Segment Open
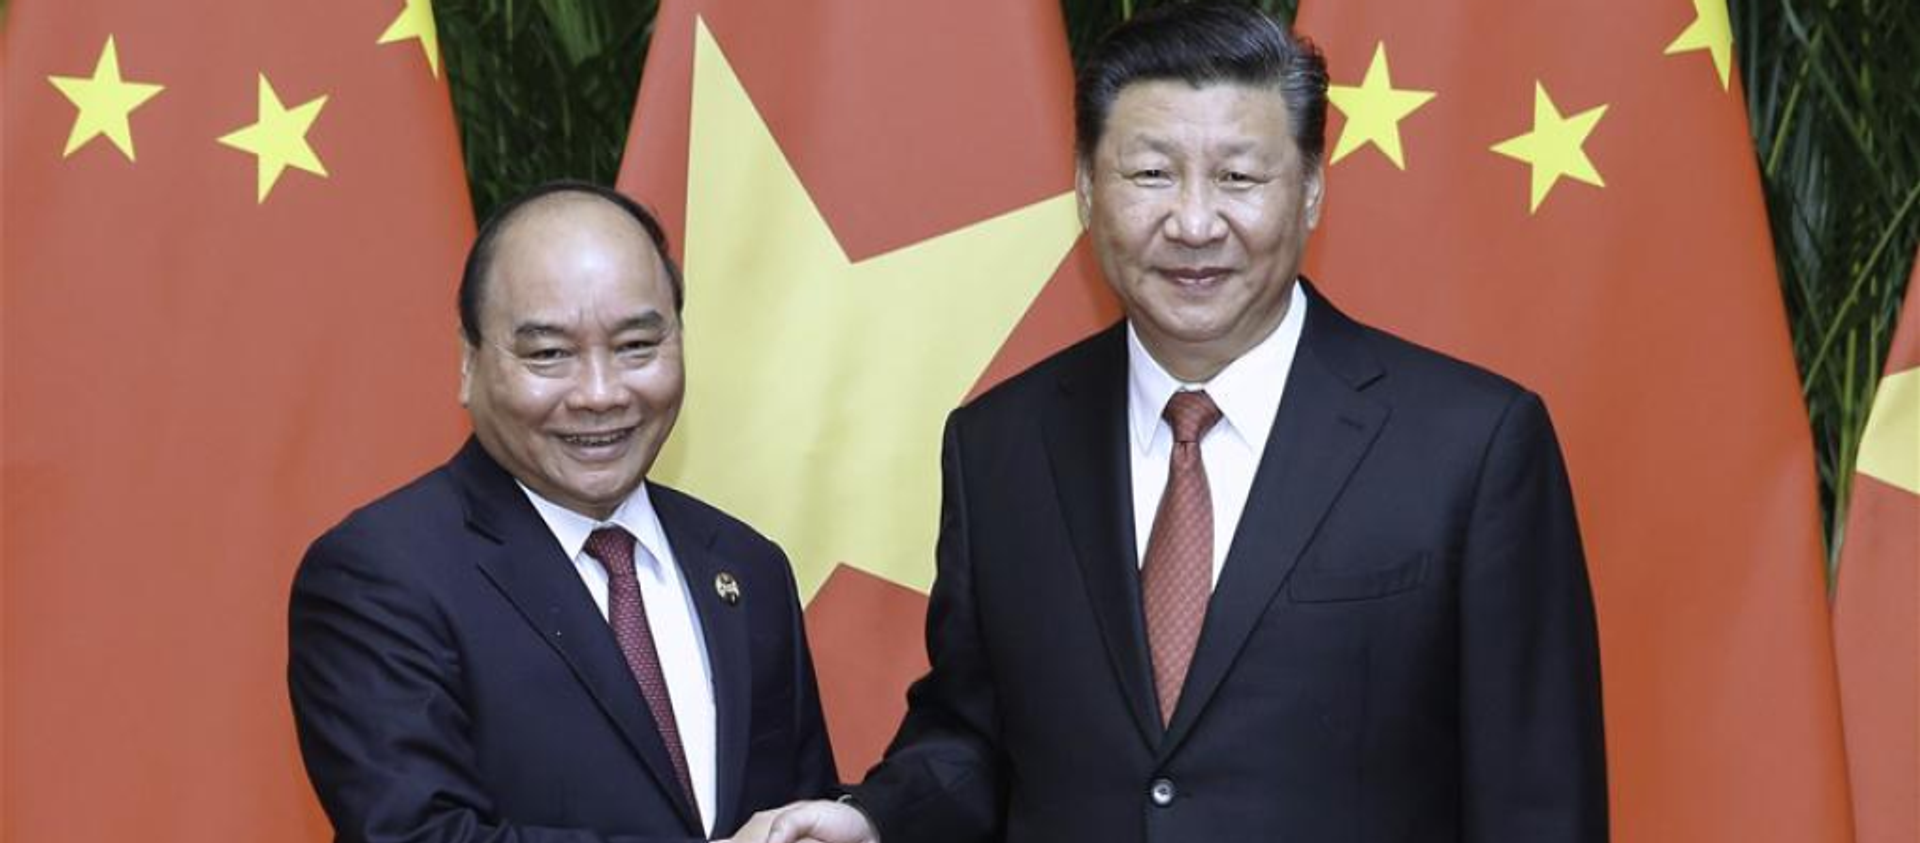 Chinese President Xi Jinping on Sunday met with Vietnamese Prime Minister Nguyen Xuan Phuc, who will attend the first China International Import Expo (CIIE) opening Monday in Shanghai, Nov. 4, 2018. - Sputnik International, 1920, 03.06.2021
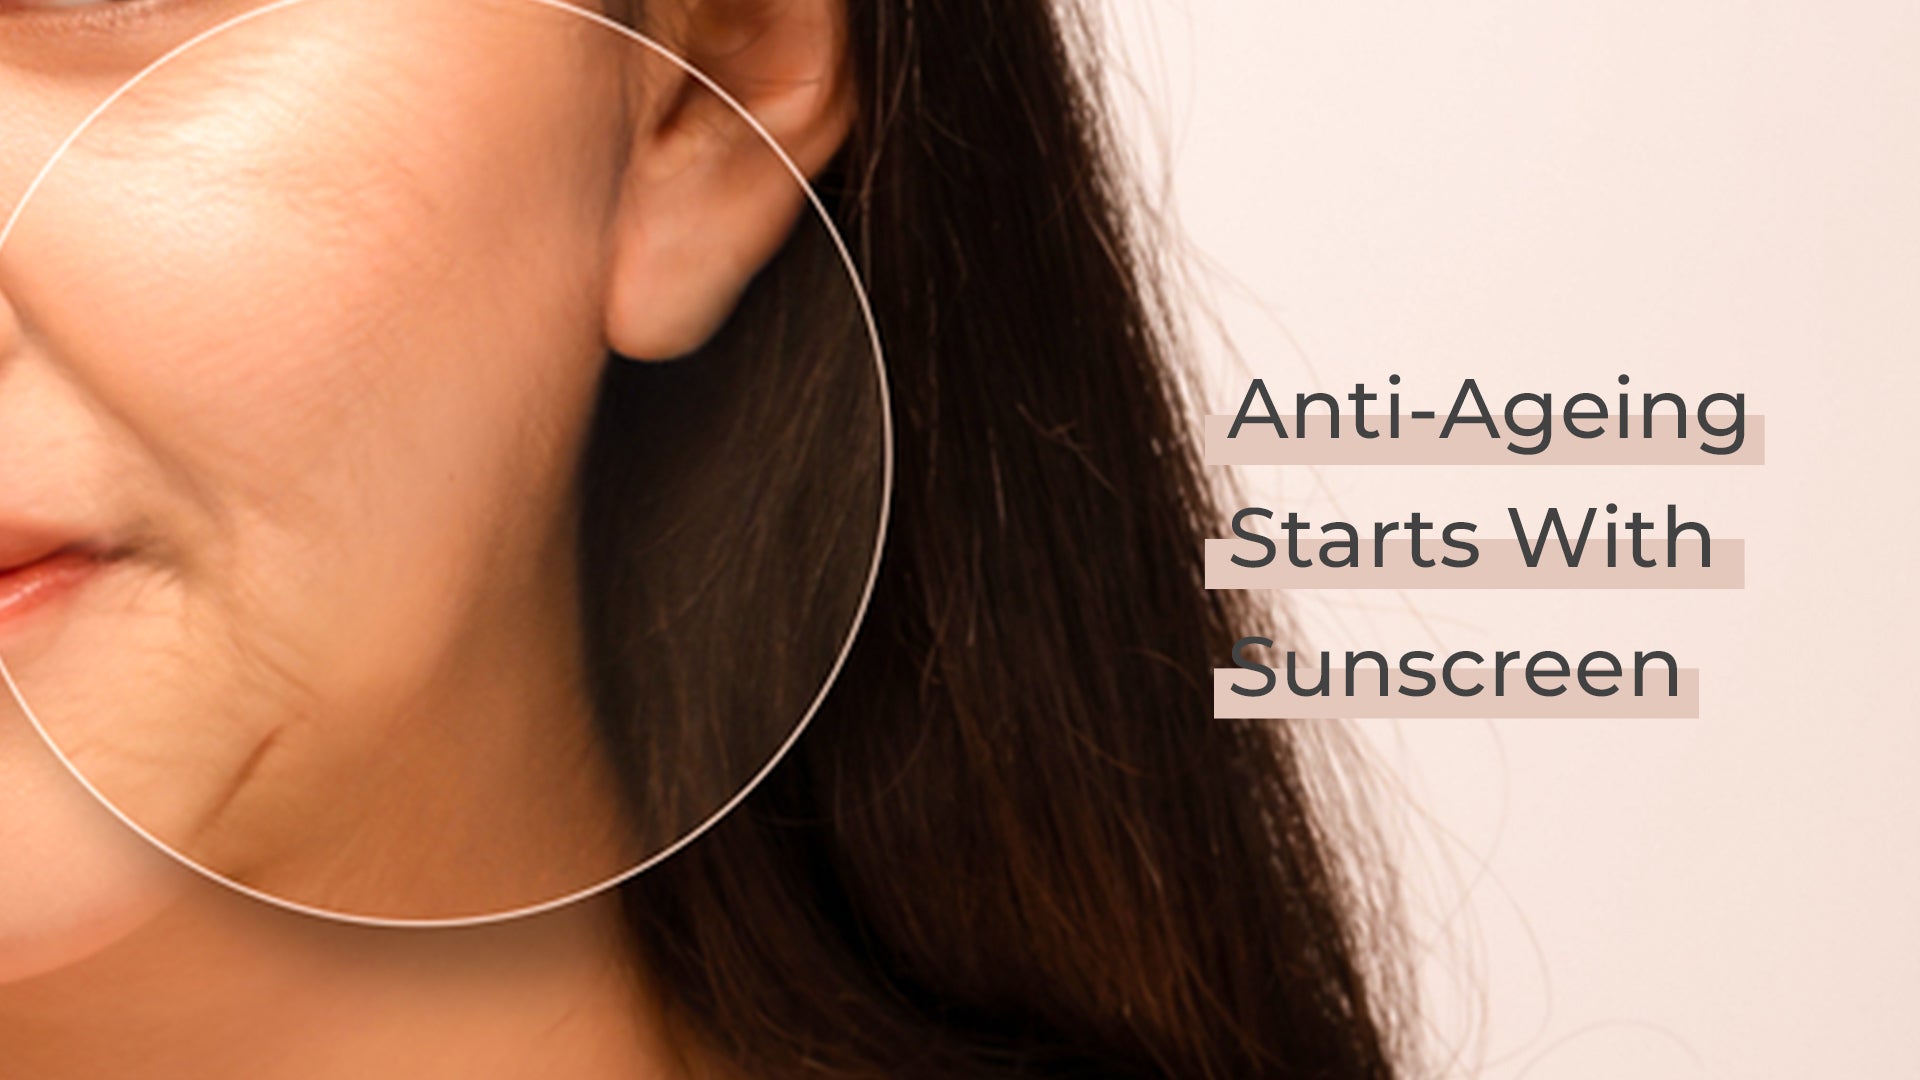 Anti-Ageing Starts With Sunscreen
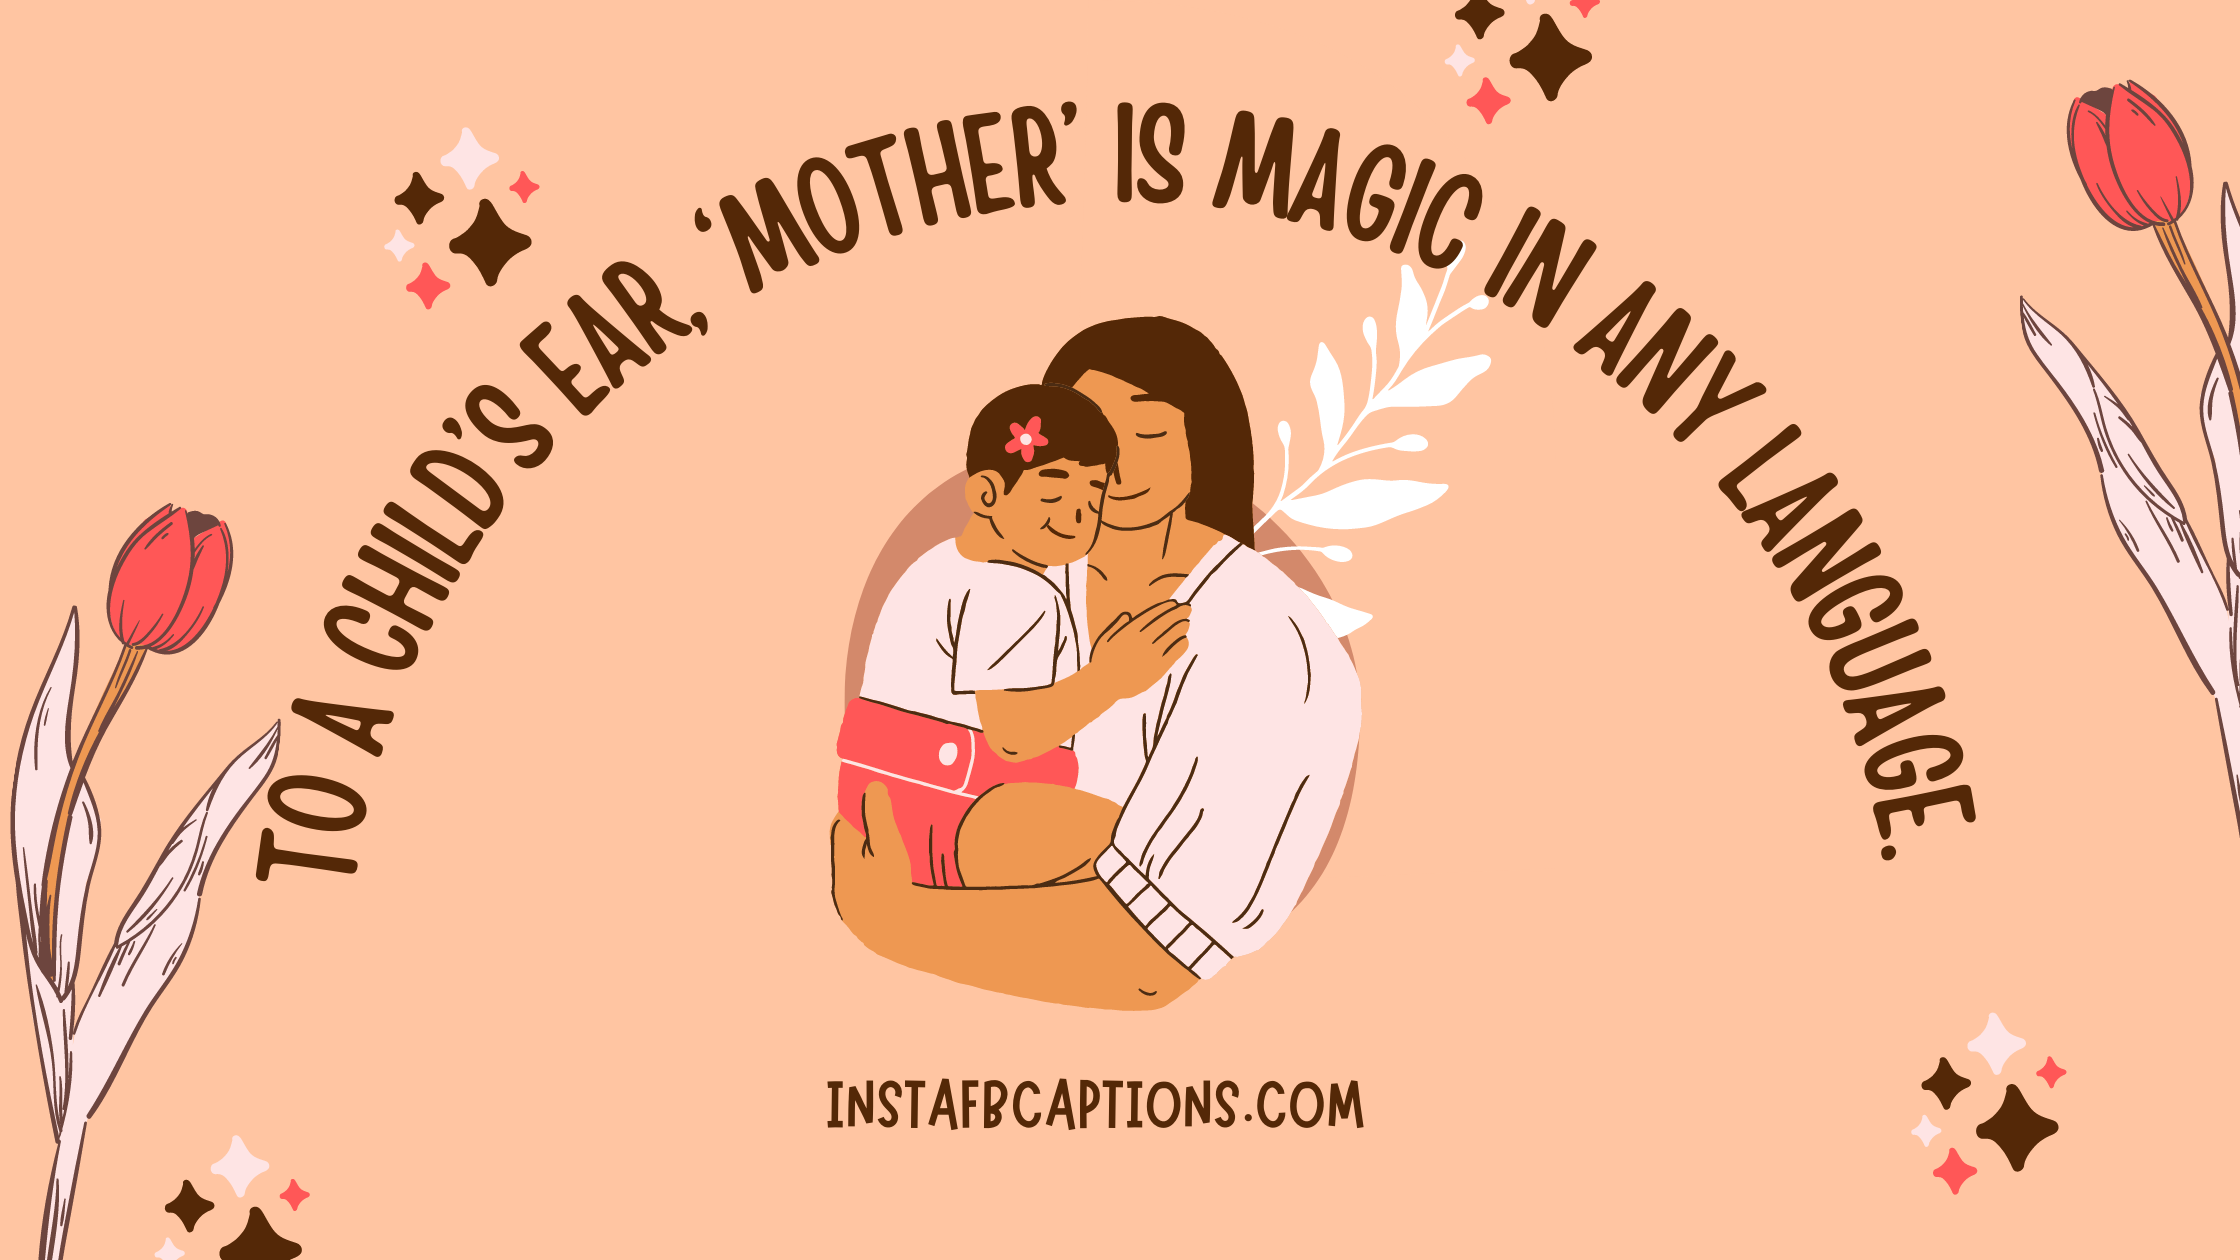 Inspiring Captions For Your Mother  - Inspiring Captions for your Mother - Mother&#8217;s Day Captions: Express Your Love and Gratitude on Instagram
Segment Closed
• [AIM OF THE EXERCISE]: Begin at the first line of the material and copy each line exactly through the one containing "Anti-Ageing Starts With Sunscreen". Omit pictures.

• [RESULT OF THIS TASK]:
 Chinese President Xi Jinping on Sunday met with Vietnamese Prime Minister Nguyen Xuan Phuc, who will attend the first China International Import Expo (CIIE) opening Monday in Shanghai, Nov. 4, 2018. - Sputnik International, 1920, 03.06.2021
 Anti-Ageing Starts With Sunscreen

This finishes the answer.